Tencent / TFace

A trusty face analysis research platform developed by Tencent Youtu Lab
Apache License 2.0
1.26k stars 225 forks source link

Threshold parameter ru+ in CIFP work #7

Closed milliema closed 3 years ago

milliema commented 3 years ago

Thanks for the CIFP work on CVPR2021, it's very impressive! I'd like to check about the hyper-parameter setting. As mentioned in the paper, ru+ is set to be 1e-4 according to the experiment. However, in the code of cifp.py, I didn't find any definition of it. Could you please offer some instruction on this?

milliema commented 3 years ago

Besides, I found the method illustration in the paper and code implementation are inconsistent. The computation for threshold Tu, weighted FPR, and loss are not well corresponded in the code. For example, according to loss formula (10), the FPR punishment should be applied to non-target logit. However, the code changes target logit by "costheta.scatter(1, label.view(-1, 1).long(), target_cos_theta_m)". I am totally confused with the code. Could you please explain about the discrepancy? Appreciate more detailed notation of the codes if any.

xkx0430 commented 3 years ago

Q1: In the released code, we set "ru+" to be 1/(28000-1), which is very similar to the value 1e-4 in the paper. That is, the numbers of the false-positive cases mined by the two ways only differ by 1 for each instance. In this way, we avoid the choice of this value and achieve similar results.

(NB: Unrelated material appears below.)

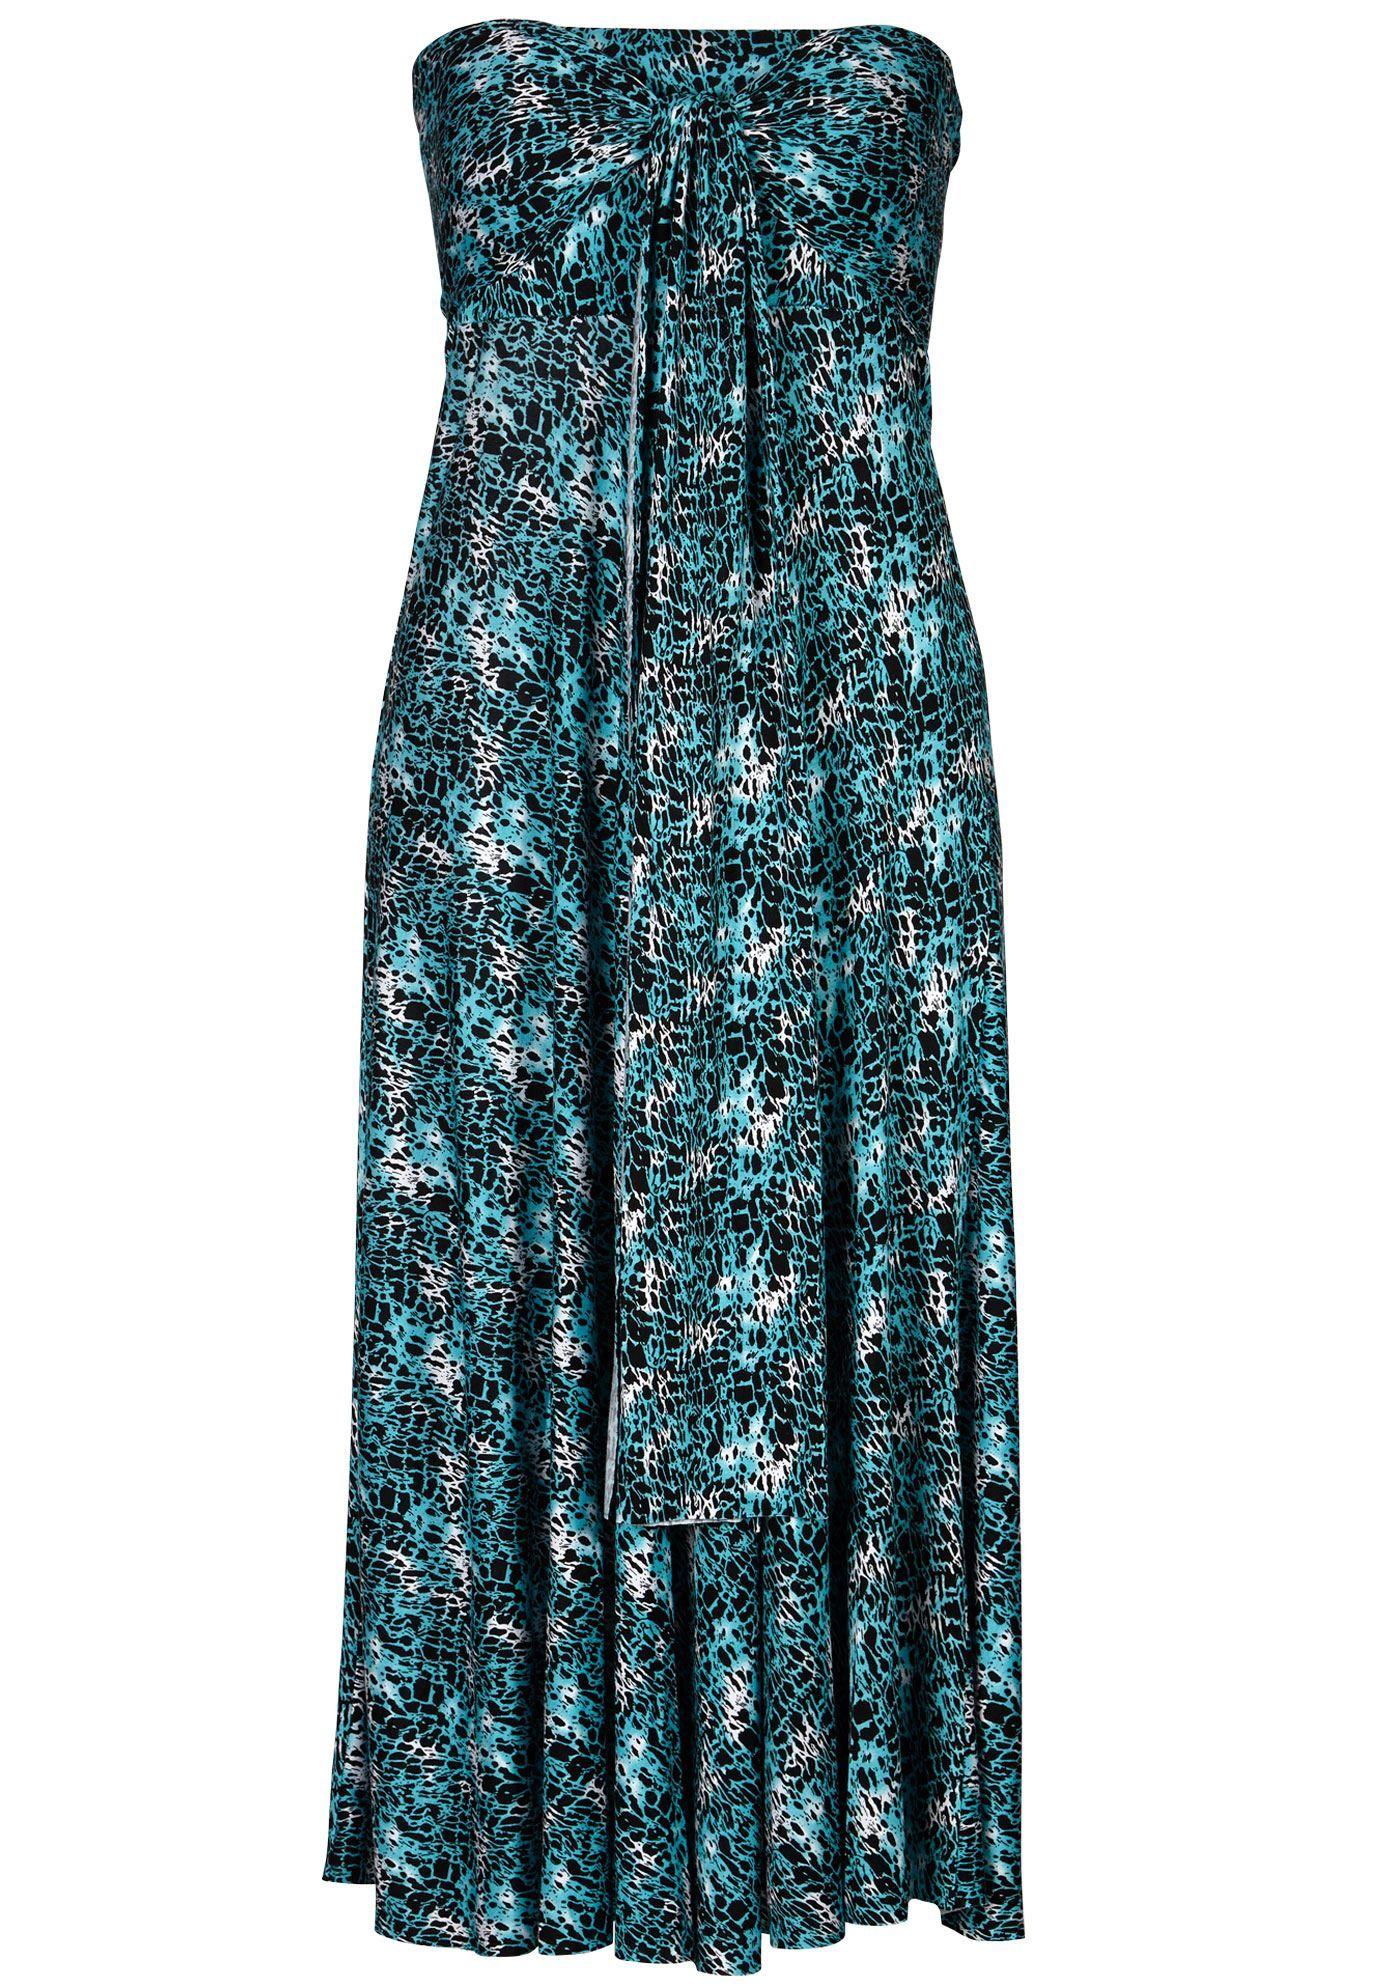 1c0bf2b5de591 Ellos Strapless Beach Dress Cover Up - Women s Plus Size Clothing ...

Q2: Our loss function can be easily used in conjunction with the previous margin-based loss functions, such as ArcFace, CosFace, etc. We adopt the CosFace for a fair comparison in our paper. As described in Eq.8 and Eq.10, the margin for the positive logit is introduced by CosFace, while an extra false positive penalty term is introduced by our method for the negative logits. The code "costheta.scatter(1, label.view(-1, 1).long(), target_cos_theta_m)" is used to ensure that the target logit is added by the margin.

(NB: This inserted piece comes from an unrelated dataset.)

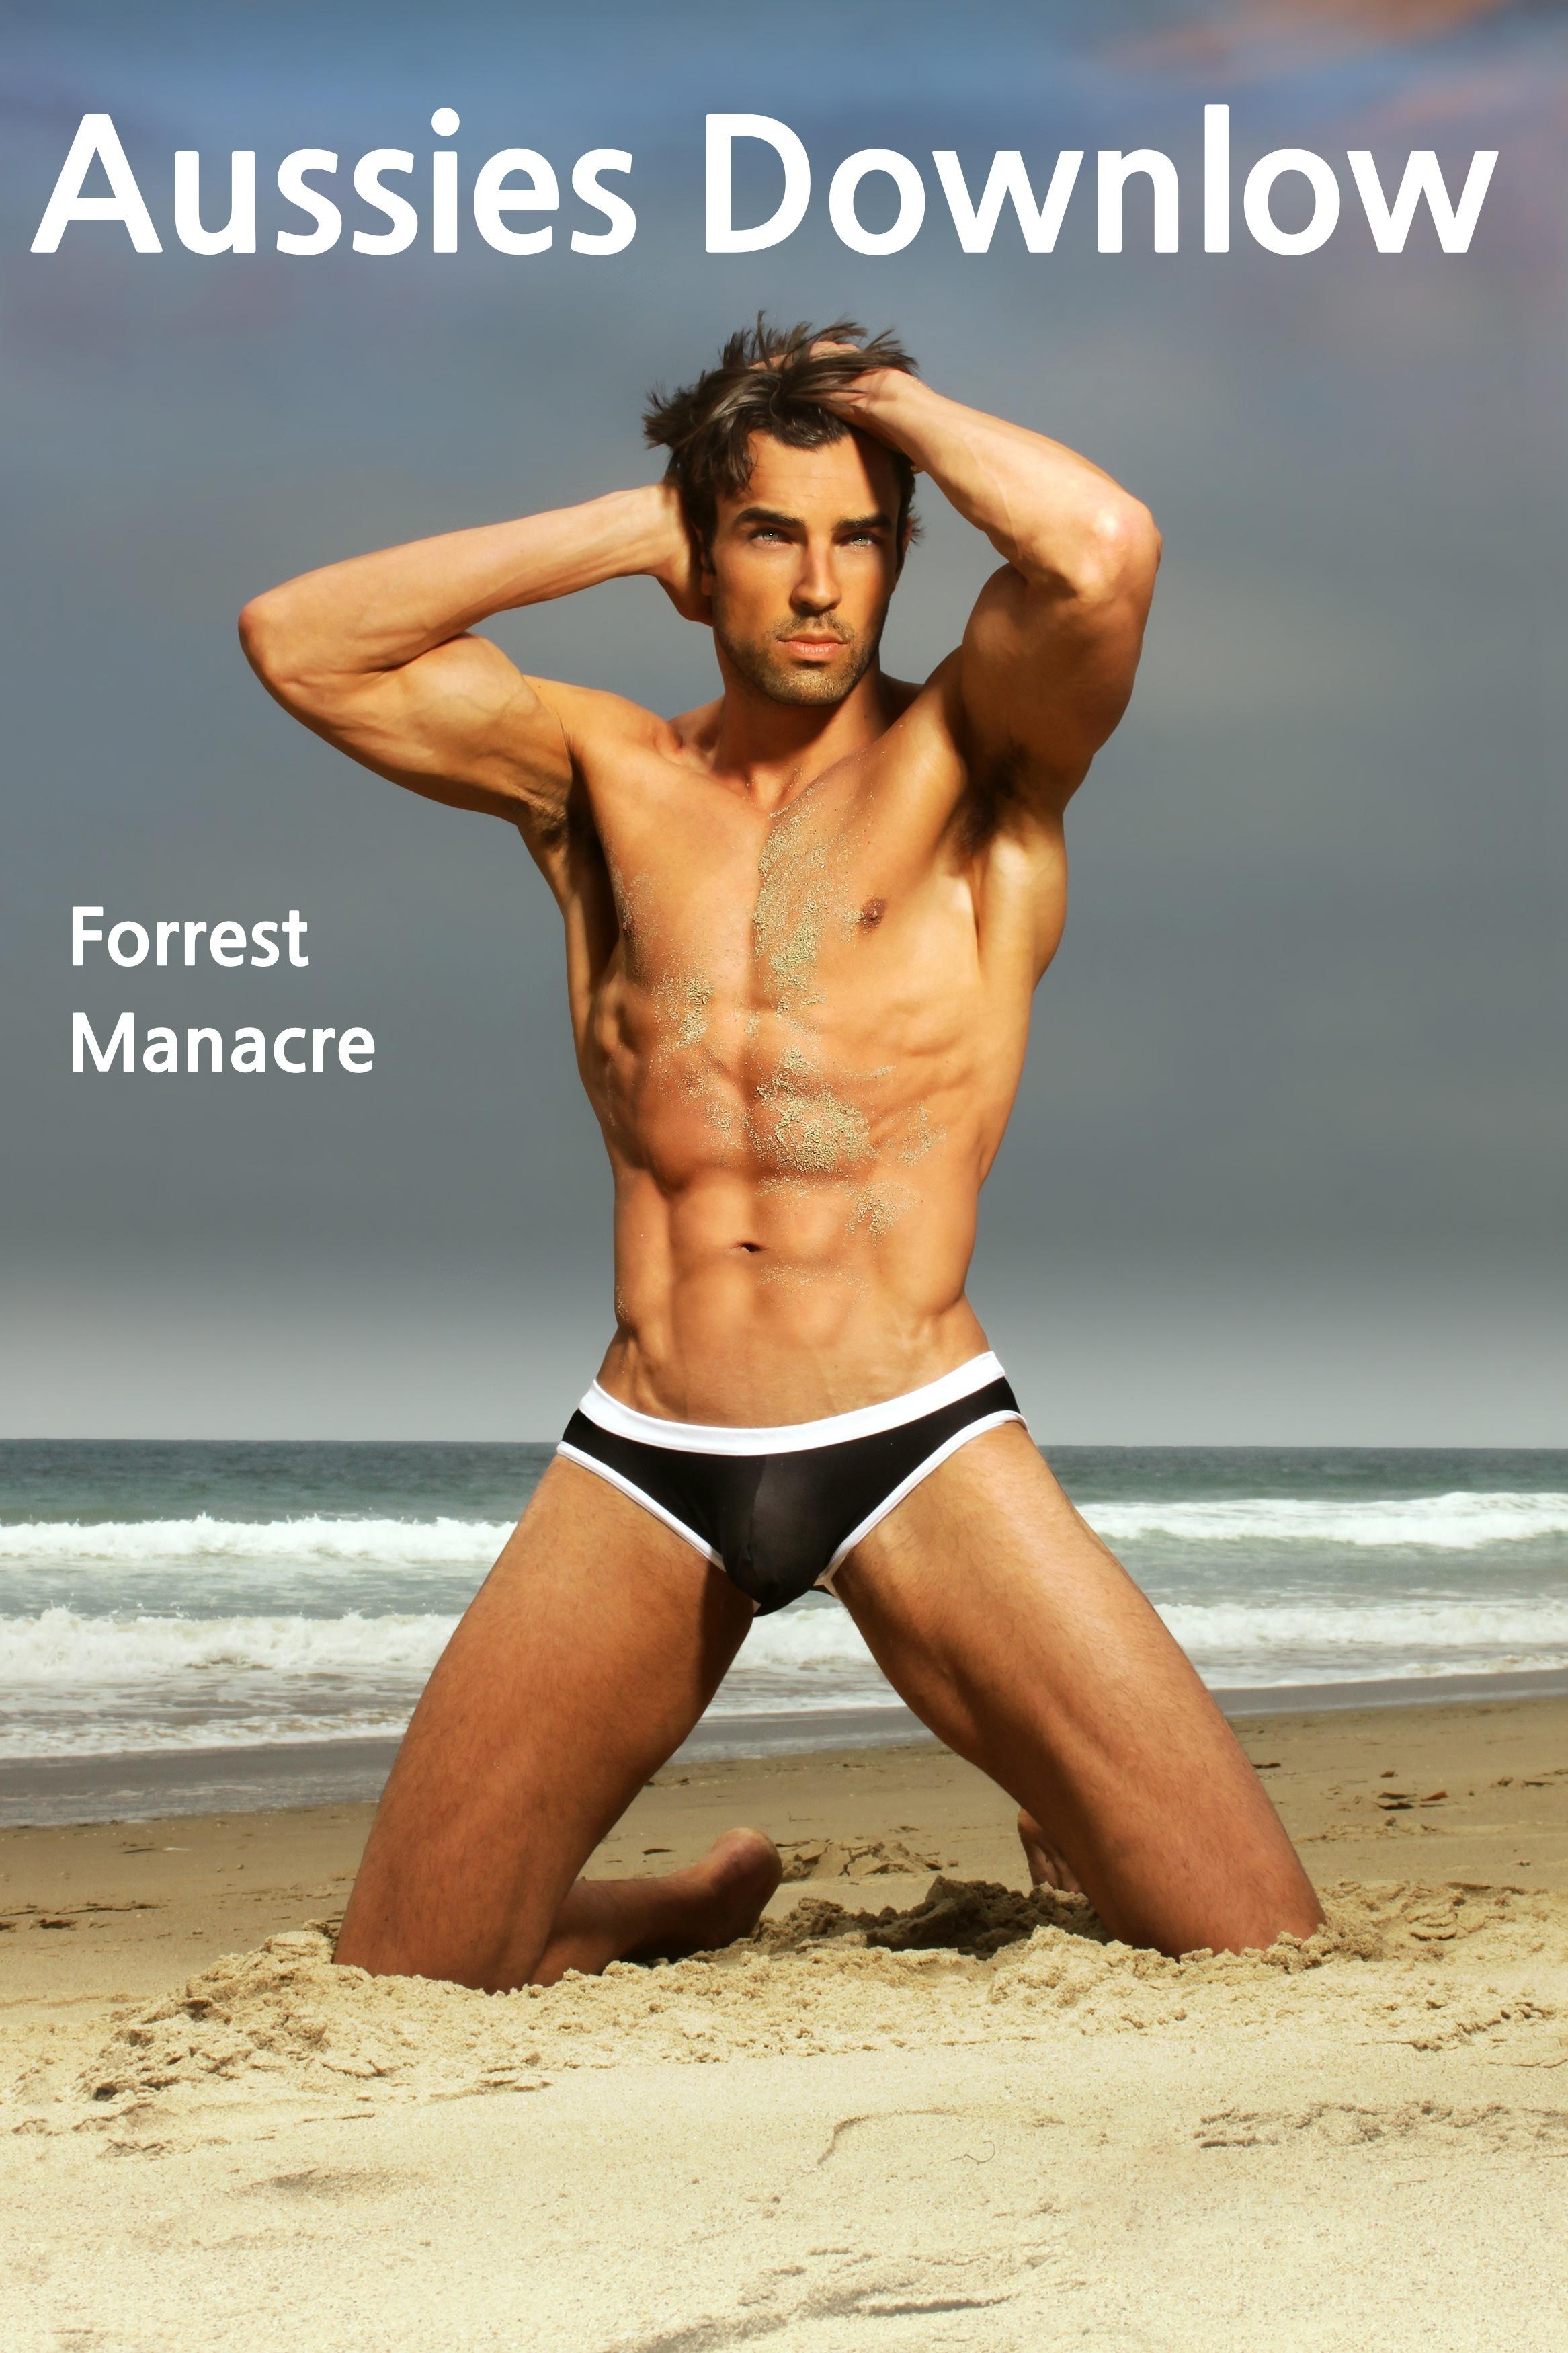 Aussies Downlow Forrest Manacre

milliema commented 3 years ago

@xkx0430 Thanks for the reply.

xkx0430 commented 3 years ago

In Line 71, "(1 + target_costheta) * cos_theta_neg_topk" is the false positive penalty for each instance, and the calculation process is described from Line 60-70. To reduce the scatter operators, it is directly merged into the positive logit. "costheta" is used to calculate the penalty term without updating the classifier weights.

milliema commented 3 years ago

@xkx0430 感谢之前的回复,还有几处不懂的地方,为了避免重开issue将问题贴在下面:

zhangxiaopang88 commented 2 years ago

你好,你理解alpha是怎么设置的吗,我的理解是alpha设置为(1 + target_costheta)/ times,不知道这样理解对不对 @milliema @xkx0430 @hzlzh @HuangYG123

fuenwang commented 2 years ago

Hi @milliema

Do you figure out why the penalty is only applied to positive logit? I also have the same question for the implementation.

cos_theta.scatter_(1, label.view(-1, 1).long(), target_cos_theta_m)
milliema commented 2 years ago

Hi @milliema

Do you figure out why the penalty is only applied to positive logit? I also have the same question for the implementation.

cos_theta.scatter_(1, label.view(-1, 1).long(), target_cos_theta_m)

They are actually identical. Divide the term in both nominator and denominator, you'll get: image

fuenwang commented 2 years ago

Hi @milliema, now I get it. Thank you so much!